Awesome, thank you! BTW, I know that the Zeppelin 0.5.6 release was only
very recently, but do you happen to know yet when you plan on releasing
0.6.0?

On Tue, Feb 2, 2016 at 1:07 PM mina lee <mina...@apache.org> wrote:

> This issue has been fixed few days ago in master branch.
>
> Here is the PR
> https://github.com/apache/incubator-zeppelin/pull/673
>
> And related issues filed in JIRA before
> https://issues.apache.org/jira/browse/ZEPPELIN-194
> https://issues.apache.org/jira/browse/ZEPPELIN-381
>
> With the latest master branch, we recommend you to load dependencies via
> interpreter setting menu instead of %dep interpreter.
>
> If you want to know how to set dependencies with latest master branch,
> please check doc
> <
> https://zeppelin.incubator.apache.org/docs/0.6.0-incubating-SNAPSHOT/manual/dependencymanagement.html
> >
> and
> let me know if it works.
>
> Cheers,
> Mina
>
> On Tue, Feb 2, 2016 at 12:50 PM, Lin, Yunfeng <yunfeng....@citi.com>
> wrote:
>
> > I’ve created an issue in jira
> >
> >
> >
> > https://issues.apache.org/jira/browse/ZEPPELIN-648
> >
> >
> >
> > *From:* Benjamin Kim [mailto:bbuil...@gmail.com]
> > *Sent:* Tuesday, February 02, 2016 3:34 PM
> > *To:* users@zeppelin.incubator.apache.org
> > *Cc:* d...@zeppelin.incubator.apache.org
> > *Subject:* Re: csv dependencies loaded in %spark but not %sql in spark
> > 1.6/zeppelin 0.5.6
> >
> >
> >
> > Same here. I want to know the answer too.
> >
> >
> >
> >
> >
> > On Feb 2, 2016, at 12:32 PM, Jonathan Kelly <jonathaka...@gmail.com>
> > wrote:
> >
> >
> >
> > Hey, I just ran into that same exact issue yesterday and wasn't sure if I
> > was doing something wrong or what. Glad to know it's not just me!

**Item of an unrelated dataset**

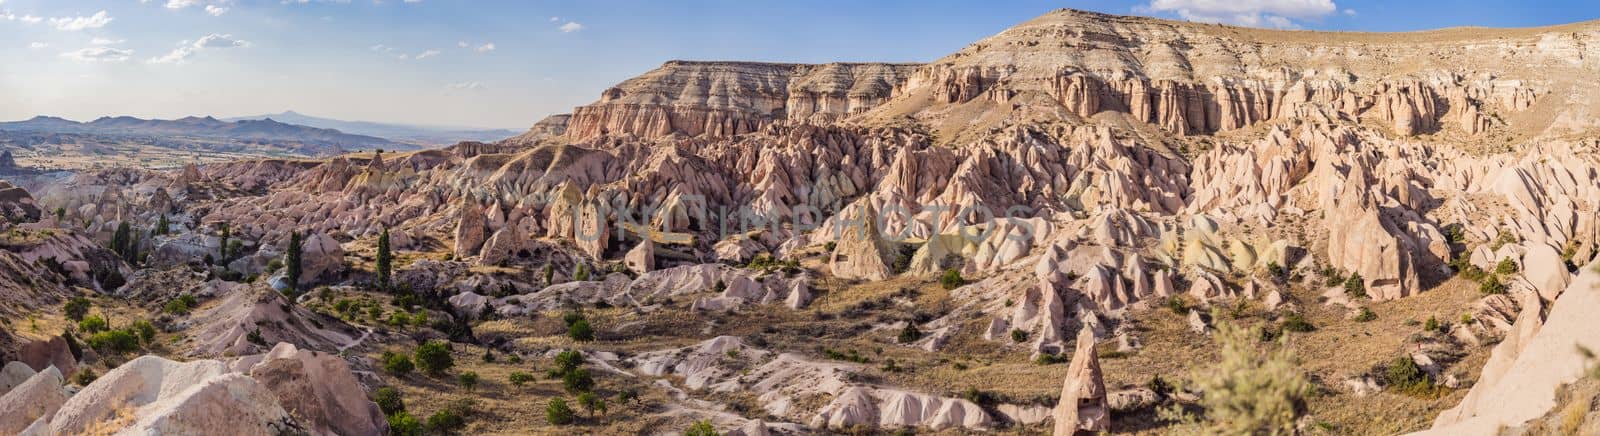 Meskendir Valley Pink Valley. Cappadocia Turkey. Travel to Turkey concept.

> > Unfortunately I have not yet had the time to look any deeper into it.
> Would
> > you mind filing a JIRA if there isn't already one?
> >
> >
> >
> > On Tue, Feb 2, 2016 at 12:29 PM Lin, Yunfeng <yunfeng....@citi.com>
> wrote:
> >
> > Hi guys,
> >
> >
> >
> > I load spark-csv dependencies in %spark, but not in %sql using apache
> > zeppelin 0.5.6 with spark 1.6.0. Everything is working fine in zeppelin
> > 0.5.5 with spark 1.5 through
> >
> >
> >
> > Do you have similar problems?
> >
> >
> >
> > I am loading spark csv dependencies (
> > https://github.com/databricks/spark-csv
> > <
> https://urldefense.proofpoint.com/v2/url?u=https-3A__github.com_databricks_spark-2Dcsv&d=BQMFaQ&c=j-EkbjBYwkAB4f8ZbVn1Fw&r=b2BXWa66OlJ_NWqk5P310M6mGfus8eDC5O4J0-nePFY&m=dSXRZCZNlnU1tx9rtyX9UWfdjT0EPbafKr2NyIrXP-o&s=zUPPWKYhZiNUuIUWmlXXGF_94ImGHQ4qHpFCU0xSEzg&e=
> >
> > )
> >
> >
> >
> > Using:
> >
> > %dep
> >
> > z.load(“PATH/commons-csv-1.1.jar”)
> >
> > z.load(“PATH/spark-csv_2.10-1.3.0.jar”)
> >
> > z.load(“PATH/univocity-parsers-1.5.1.jar:)
> >
> > z.load(“PATH/scala-library-2.10.5.jar”)
> >
> >
> >
> > I am able to load a csv from hdfs using data frame API in spark. It is
> > running perfect fine.
> >
> > %spark
> >
> > val df = sqlContext.read
> >
> >     .format("com.databricks.spark.csv")
> >
> >     .option("header", "false") // Use finrst line of all files as header
> >
> >     .option("inferSchema", "true") // Automatically infer data types
> >
> >     .load("hdfs://sd-6f48-7fe6:8020/tmp/people.txt")   // this is a file
> > in HDFS
> >
> > df.registerTempTable("people")
> >
> > df.show()
> >
> >
> >
> > This also work:
> >
> > %spark
> >
> > val df2=sqlContext.sql(“select * from people”)
> >
> > df2.show()
> >
> >
> >
> > But this doesn’t work….
> >
> > %sql
> >
> > select * from people
> >
> >
> >
> > java.lang.ClassNotFoundException:
> > com.databricks.spark.csv.CsvRelation$$anonfun$1$$anonfun$2 at
> > java.net.URLClassLoader$1.run(URLClassLoader.java:366) at
> > java.net.URLClassLoader$1.run(URLClassLoader.java:355) at
> > java.security.AccessController.doPrivileged(Native Method) at
> > java.net.URLClassLoader.findClass(URLClassLoader.java:354) at
> > java.lang.ClassLoader.loadClass(ClassLoader.java:425) at
> > sun.misc.Launcher$AppClassLoader.loadClass(Launcher.java:308) at
> > java.lang.ClassLoader.loadClass(ClassLoader.java:358) at
> > java.lang.Class.forName0(Native Method) at
> > java.lang.Class.forName(Class.java:270) at
> >
> org.apache.spark.util.InnerClosureFinder$$anon$4.visitMethodInsn(ClosureCleaner.scala:435)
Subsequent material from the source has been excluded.